For the records below, output word for word the lines from the one with "remington gun club target loads" up to and including the one with "Peanut butter banana waffles". No pictures.

* _Dataset excerpts_
■ ■ ■
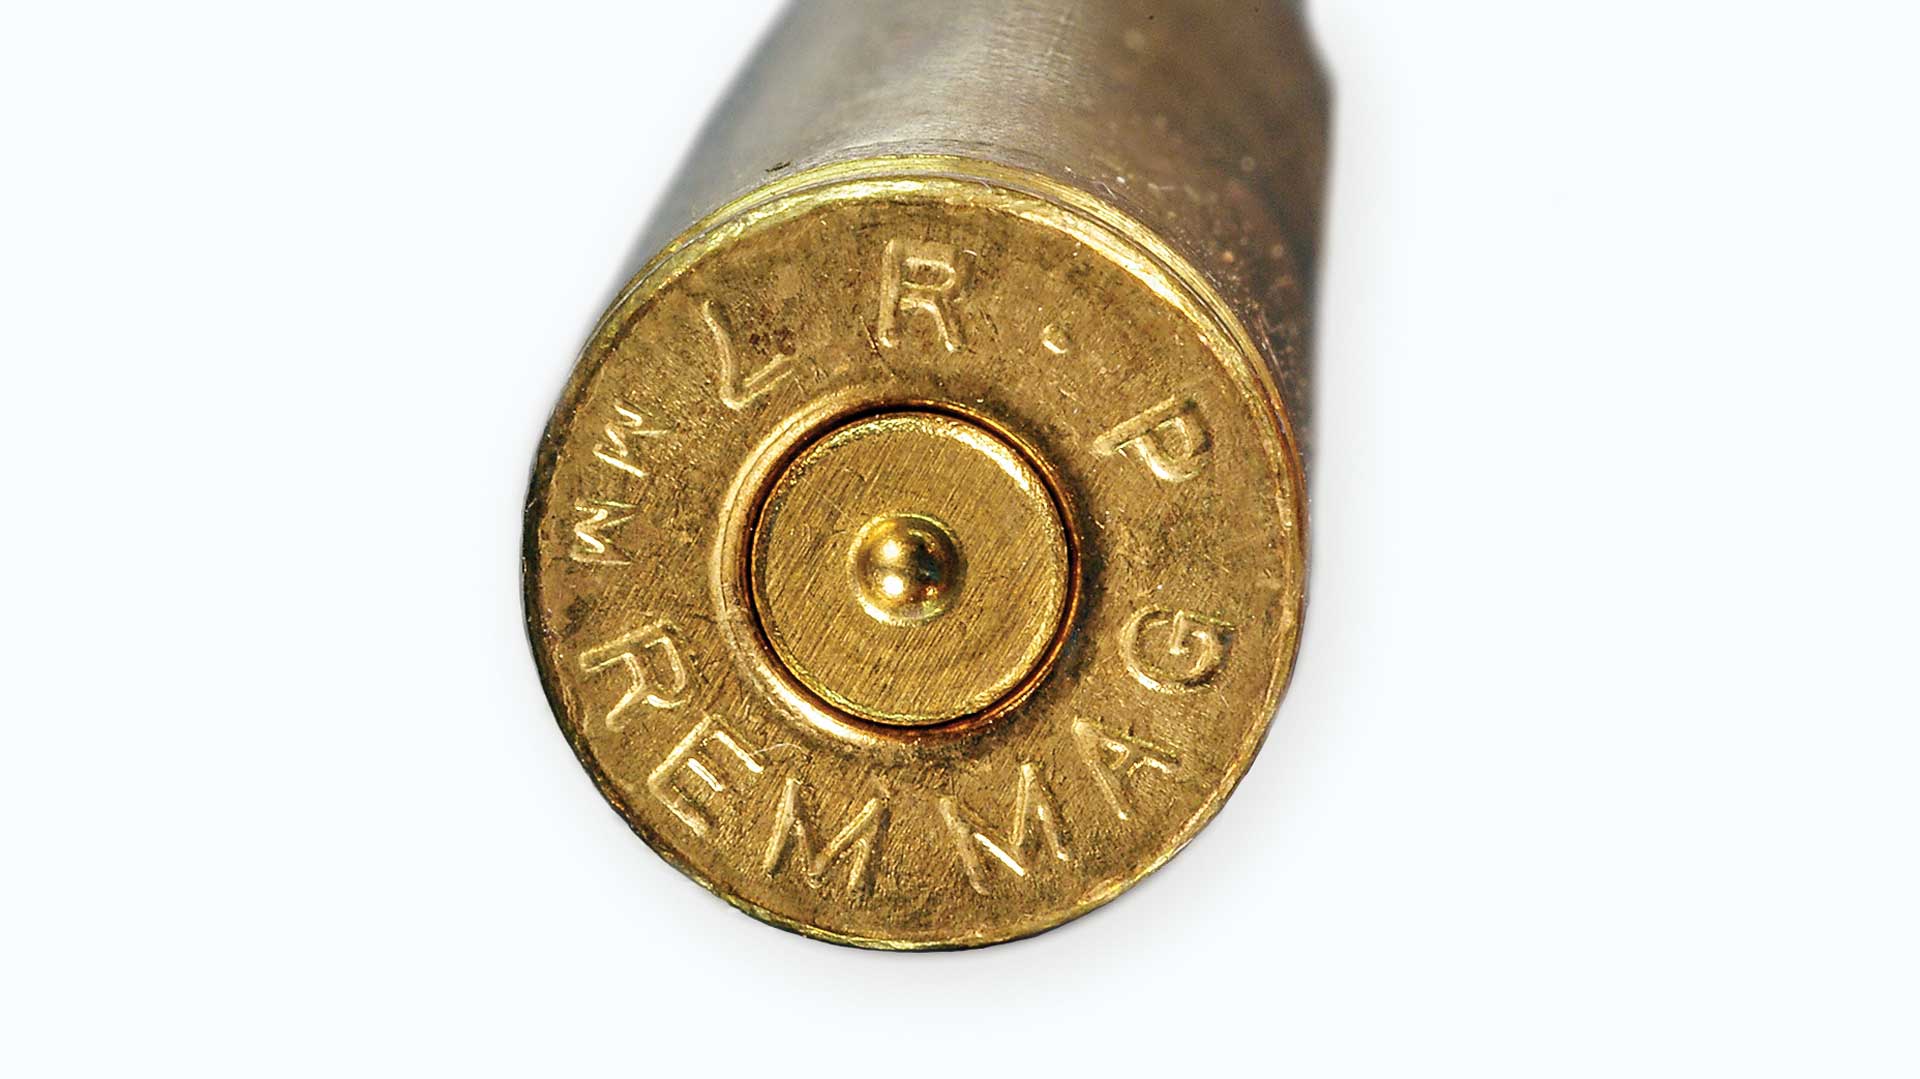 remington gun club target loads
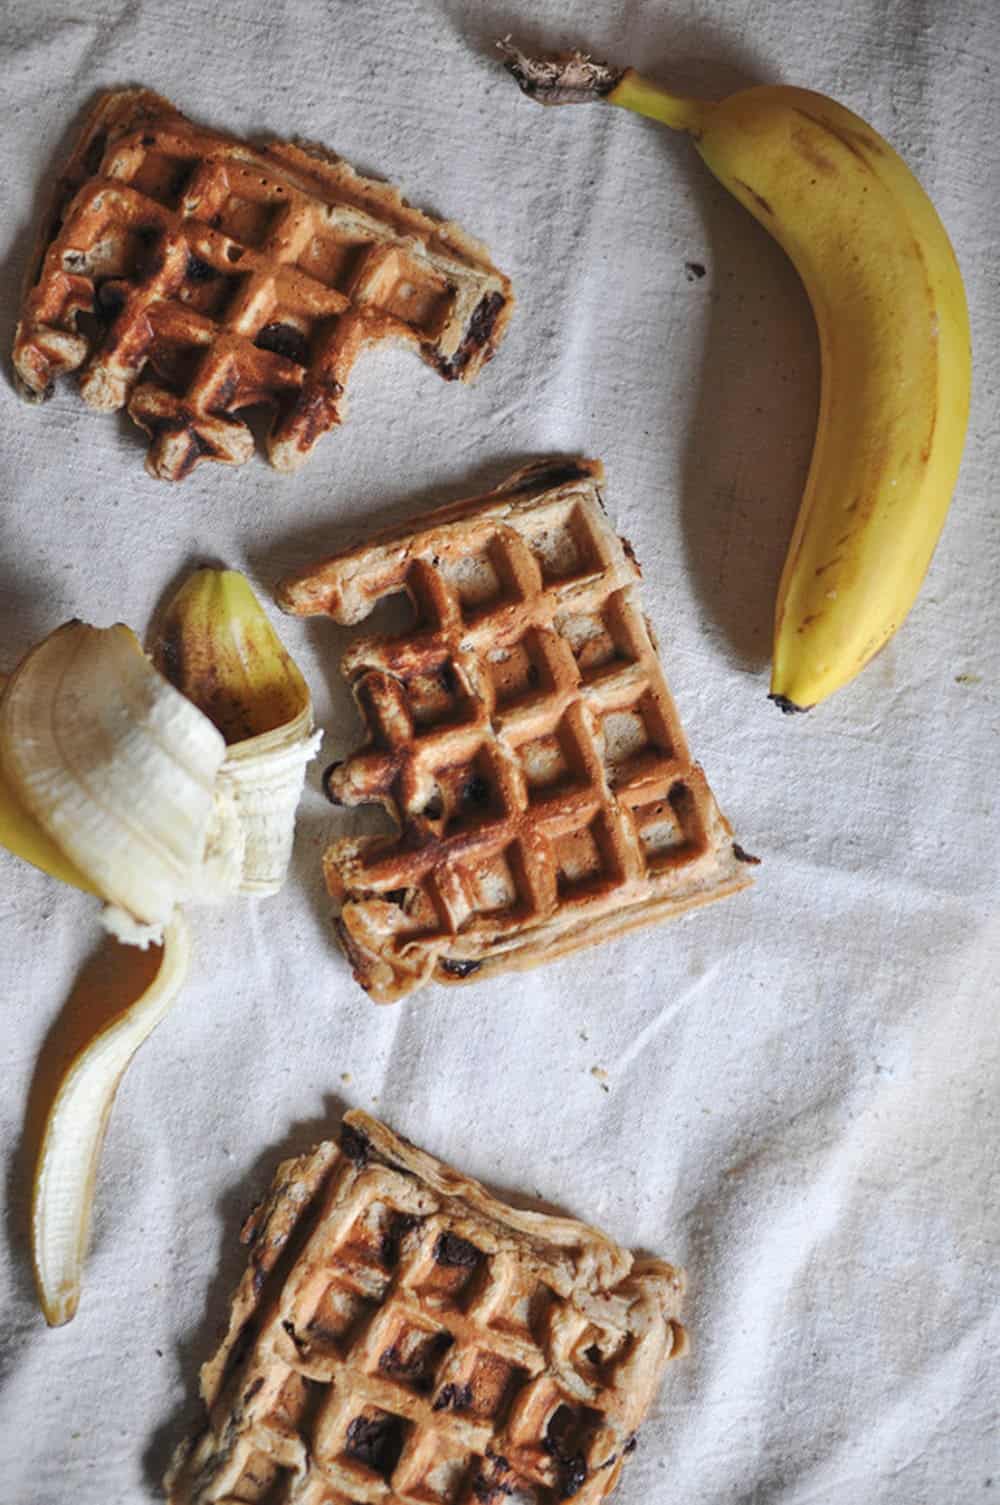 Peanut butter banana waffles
■ ■ ■
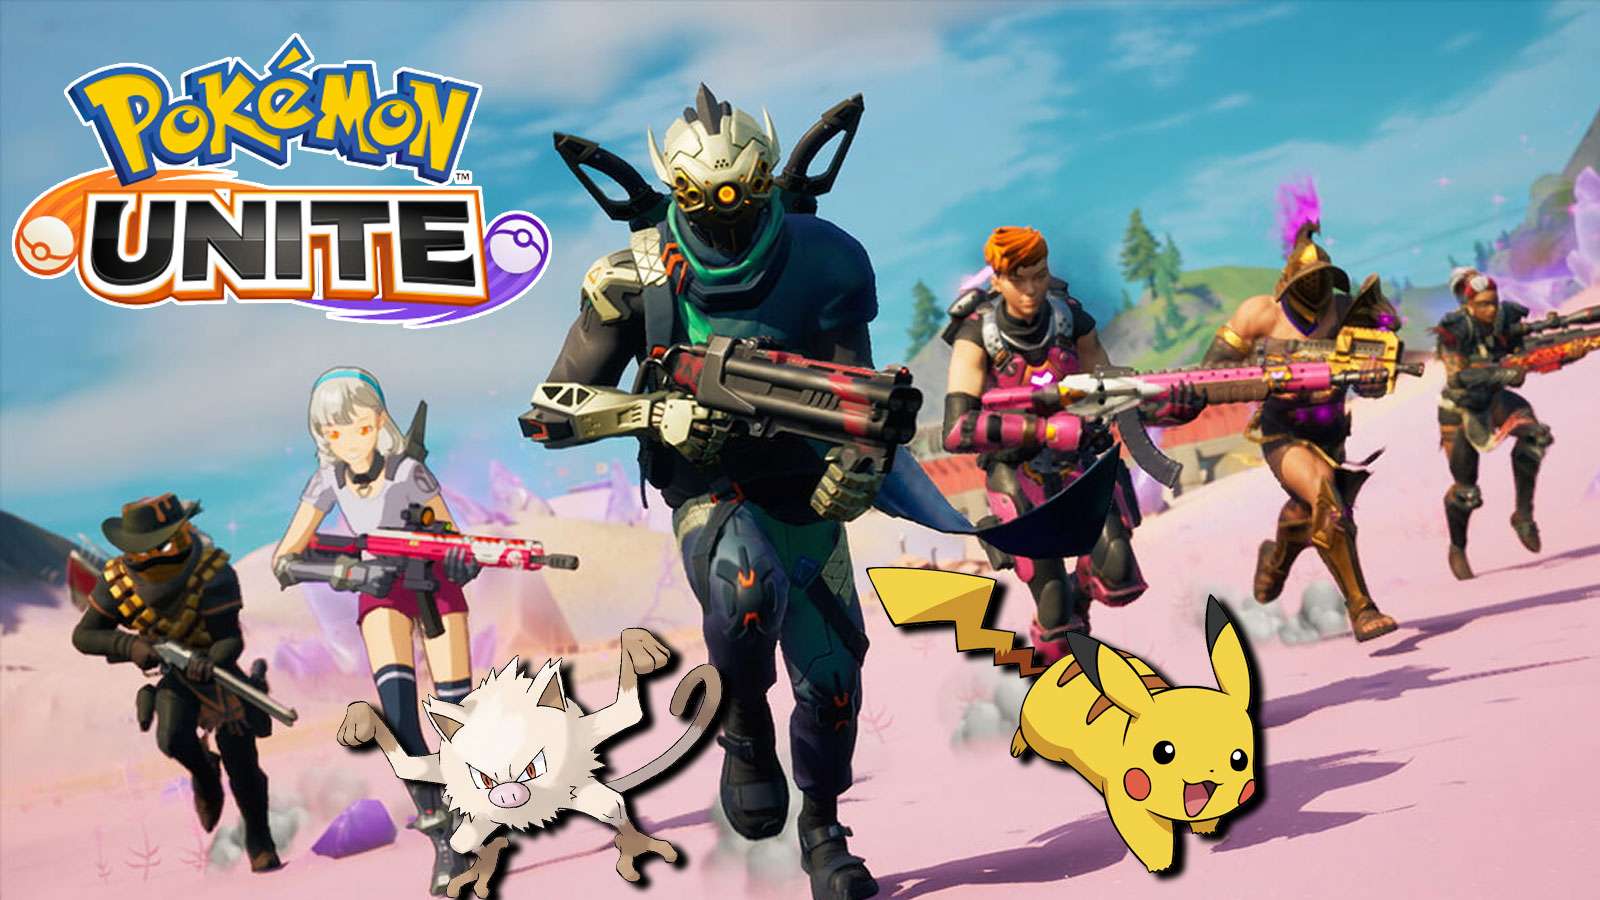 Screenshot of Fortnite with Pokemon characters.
■ ■ ■
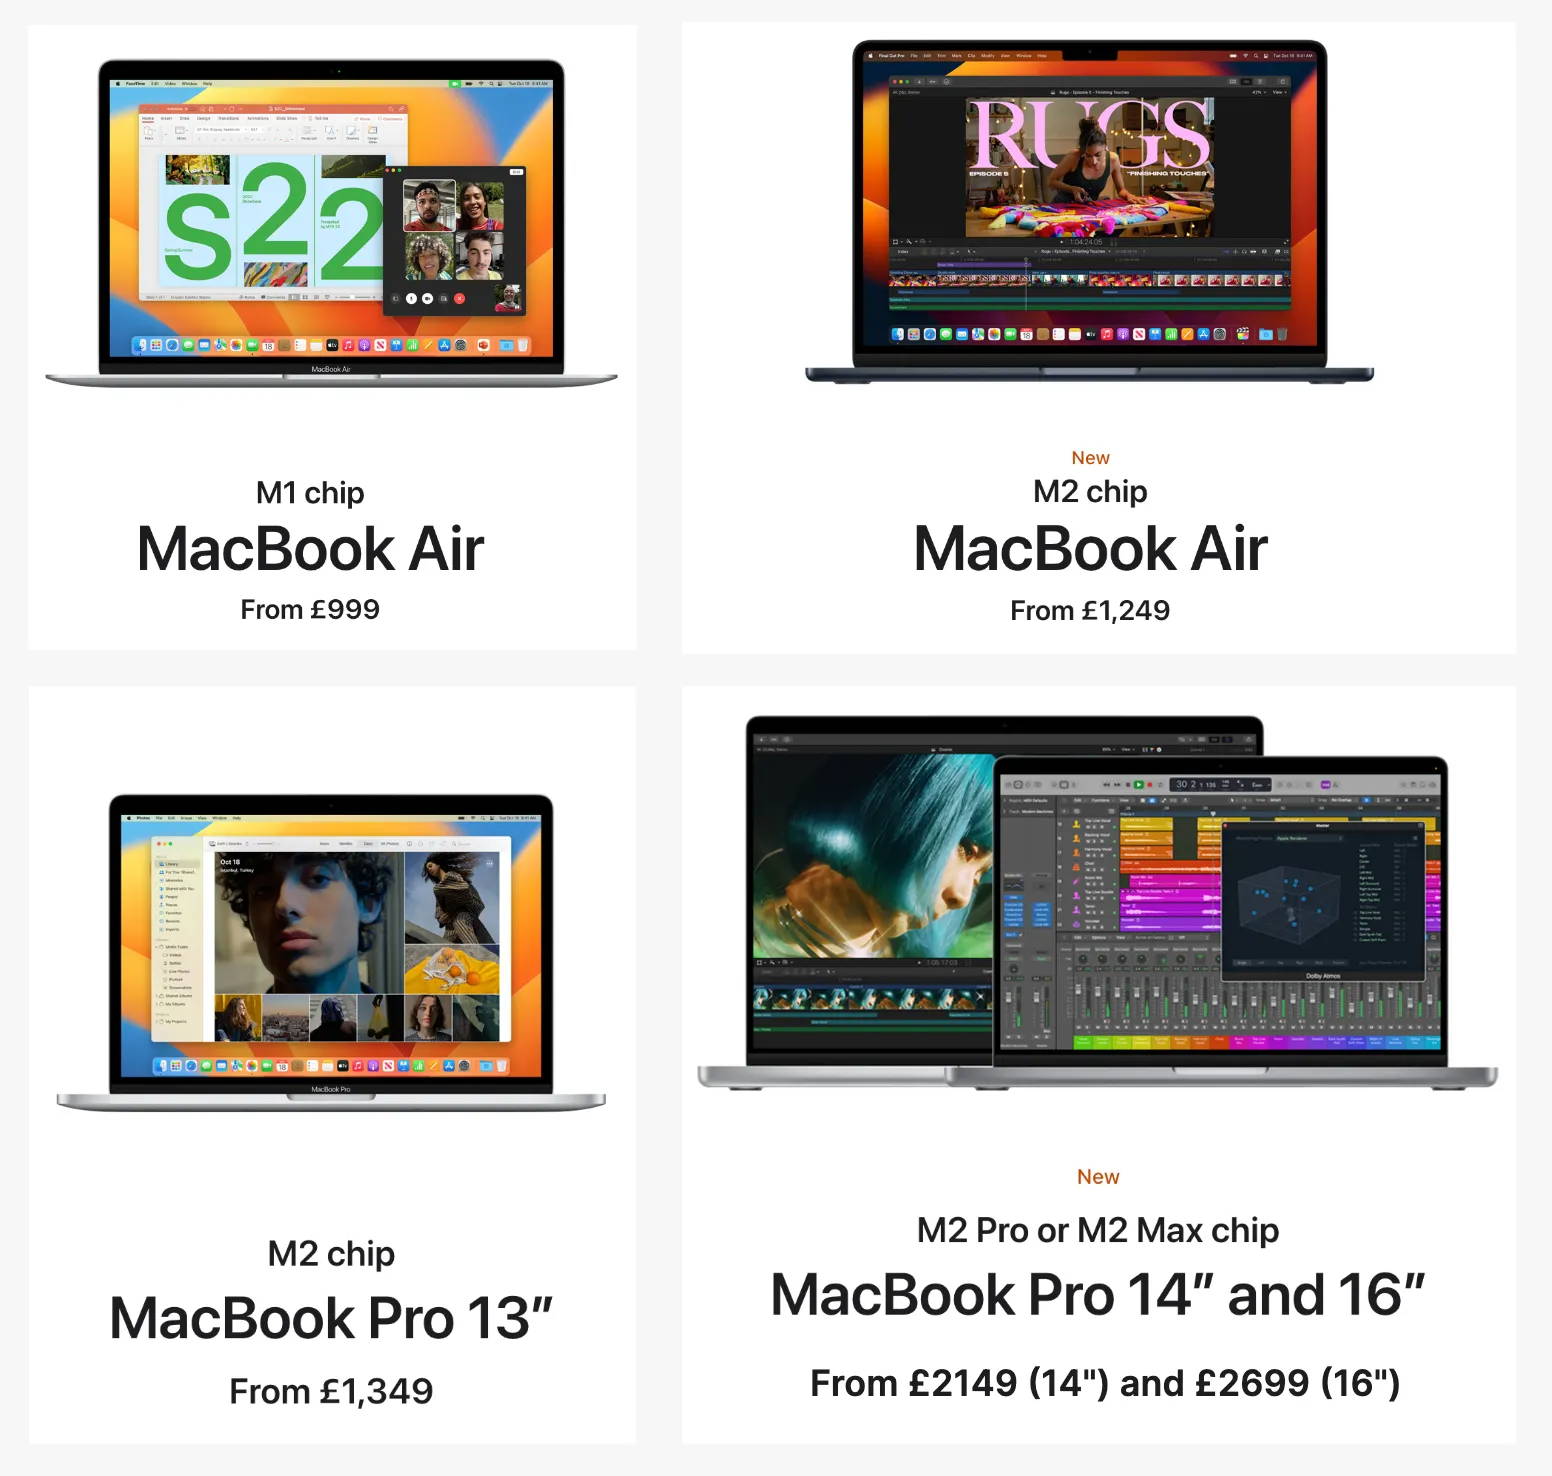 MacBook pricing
■ ■ ■
* _Written response_
 remington gun club target loads
 Peanut butter banana waffles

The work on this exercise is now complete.